By Joe Gorman
The judge assigned in 2010 to hear the death-penalty case against two men charged with murdering a real- estate agent has asked to be taken off.
In a judgment entry filed in Mahoning County Common Pleas Court late Friday, Judge James C. Evans said that he was recusing himself from hearing the case against Robert Brooks and Grant Cooper for the Sept. 25, 2010, death of 67-year-old Vivian Martin.
In his entry, Judge Evans asked for a visiting judge to be appointed to hear the case.

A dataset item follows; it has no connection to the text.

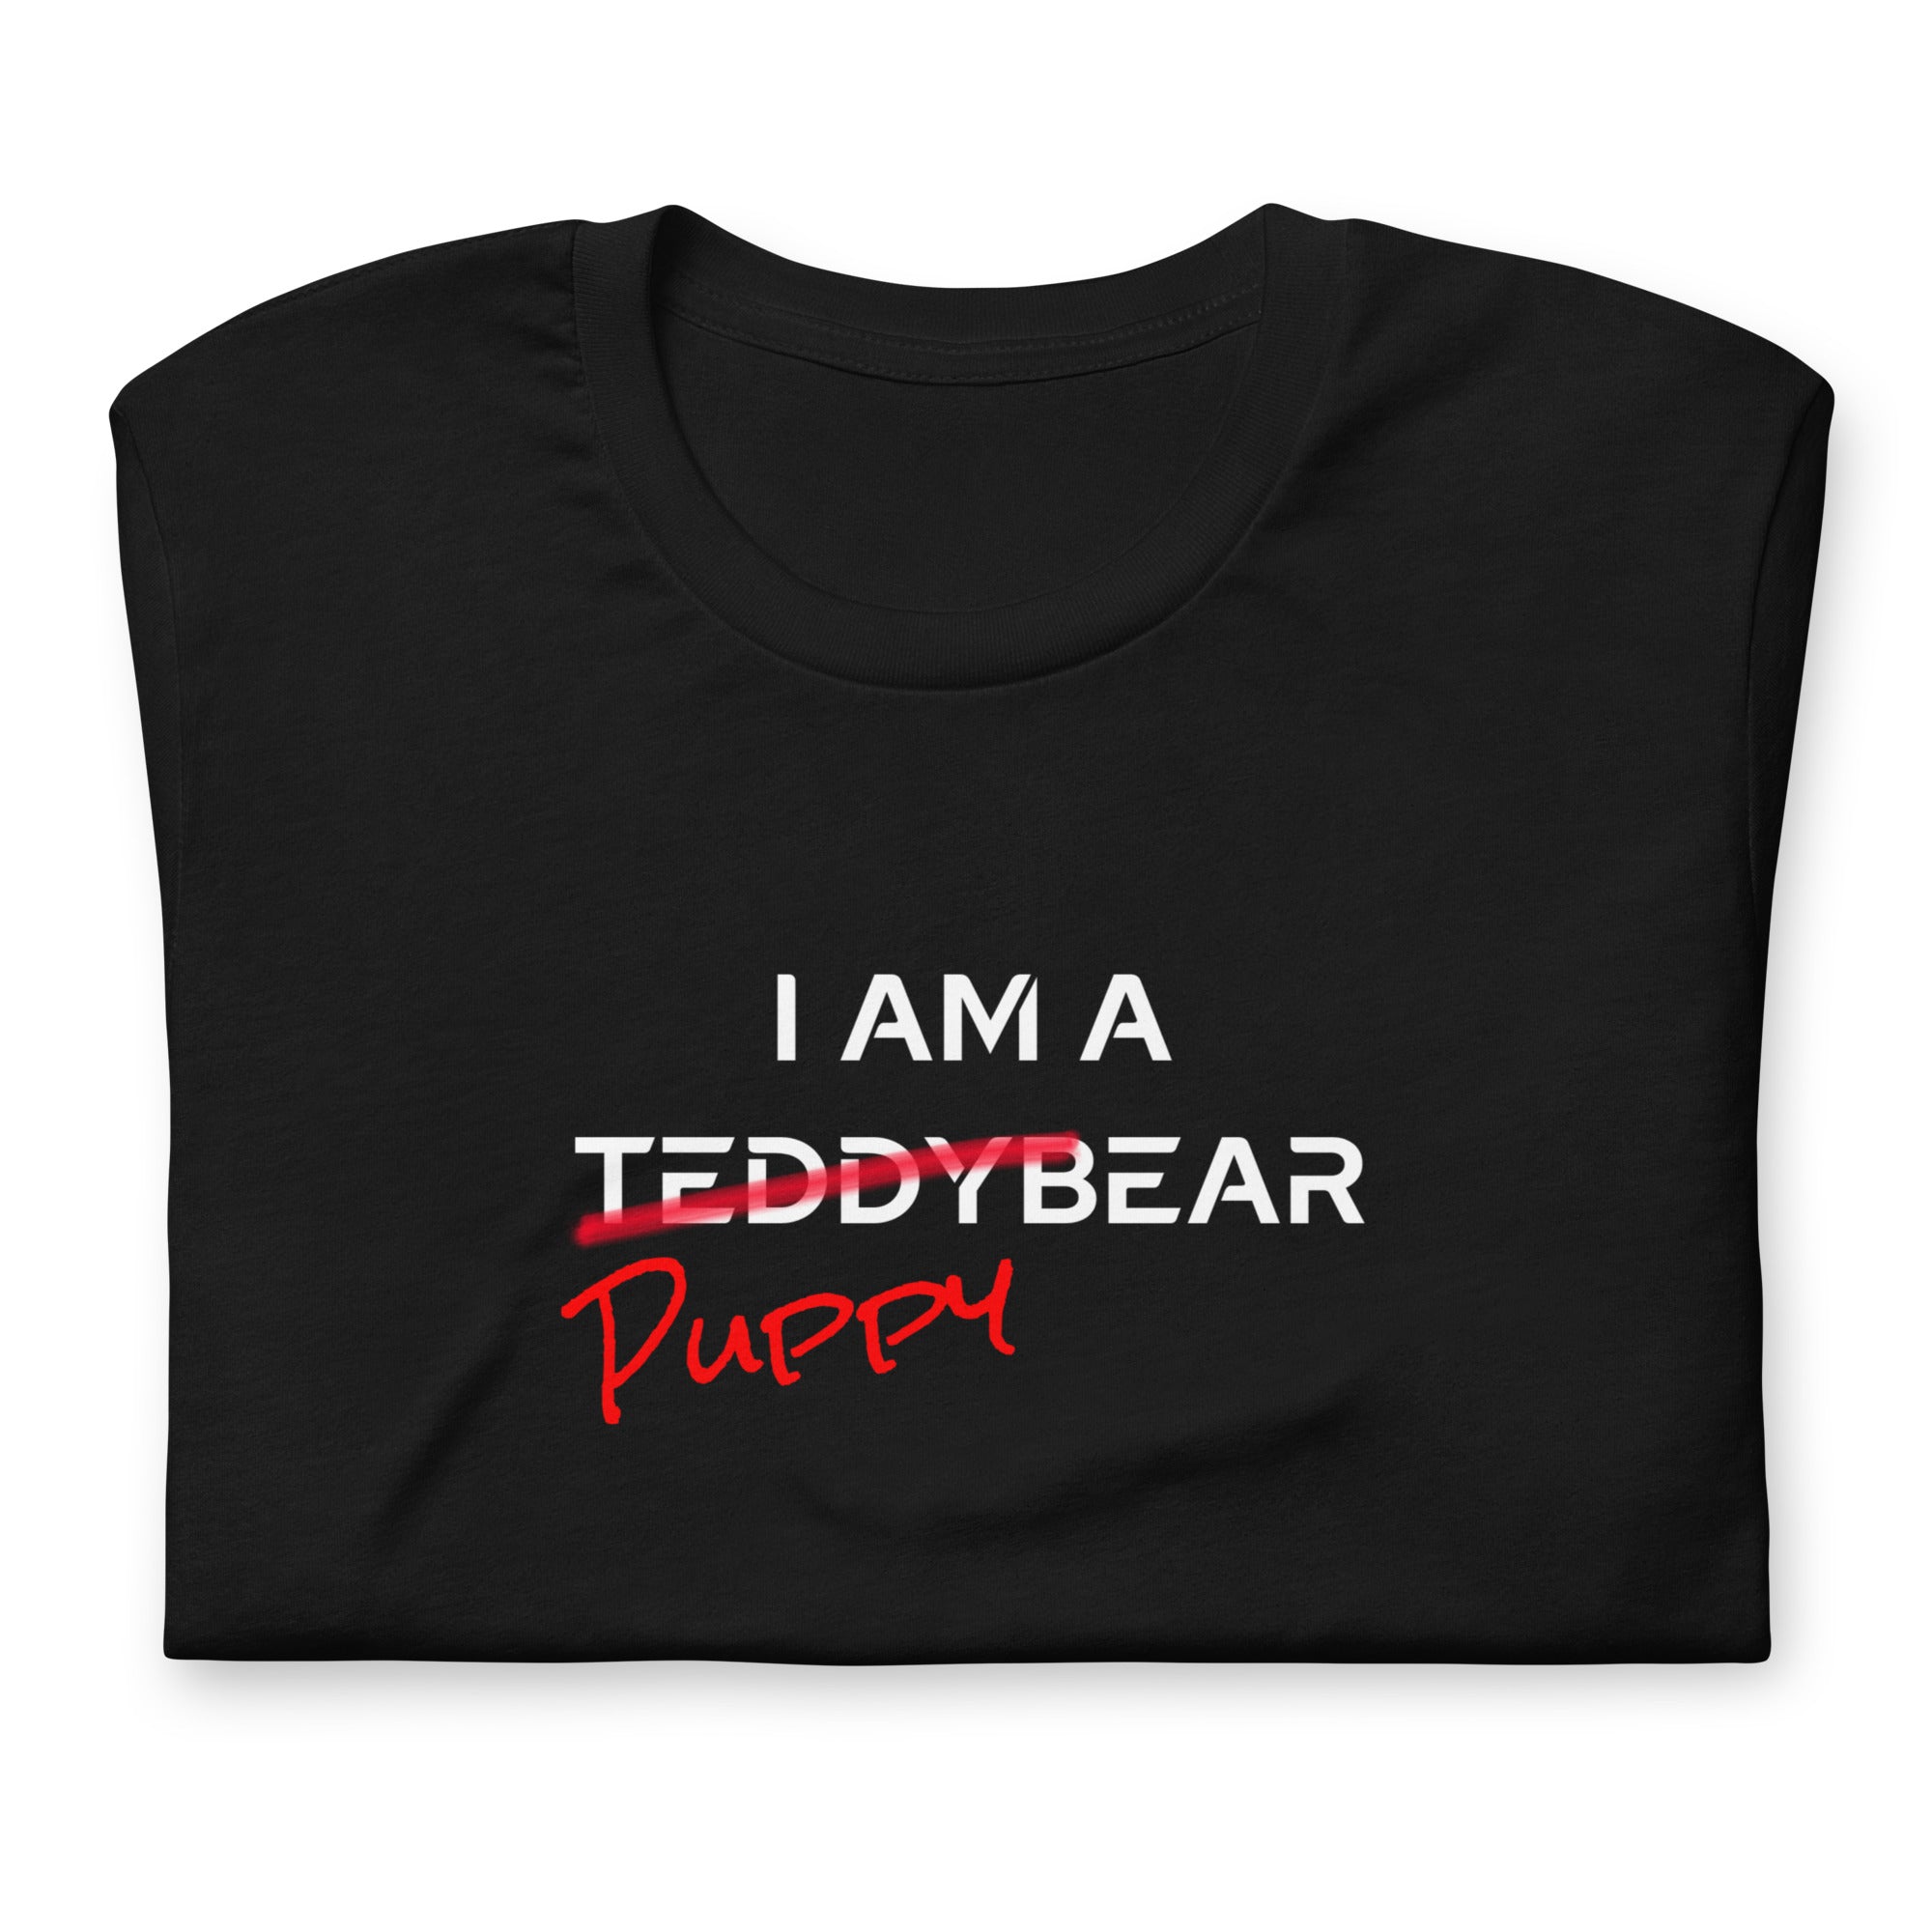 I am a PuppyBear / T-Shirt

Judge Lou A. D’Apolito, the administrative judge for the common pleas court, would have to approve the judgment entry and appoint another judge.
But Judge D’Apolito said Wednesday that he cannot rule on the entry because under the rules of the court, a reason or cause must be given for a recusal, and no reason or cause was given. He said he hopes to receive a revised entry from Judge Evans soon, perhaps today.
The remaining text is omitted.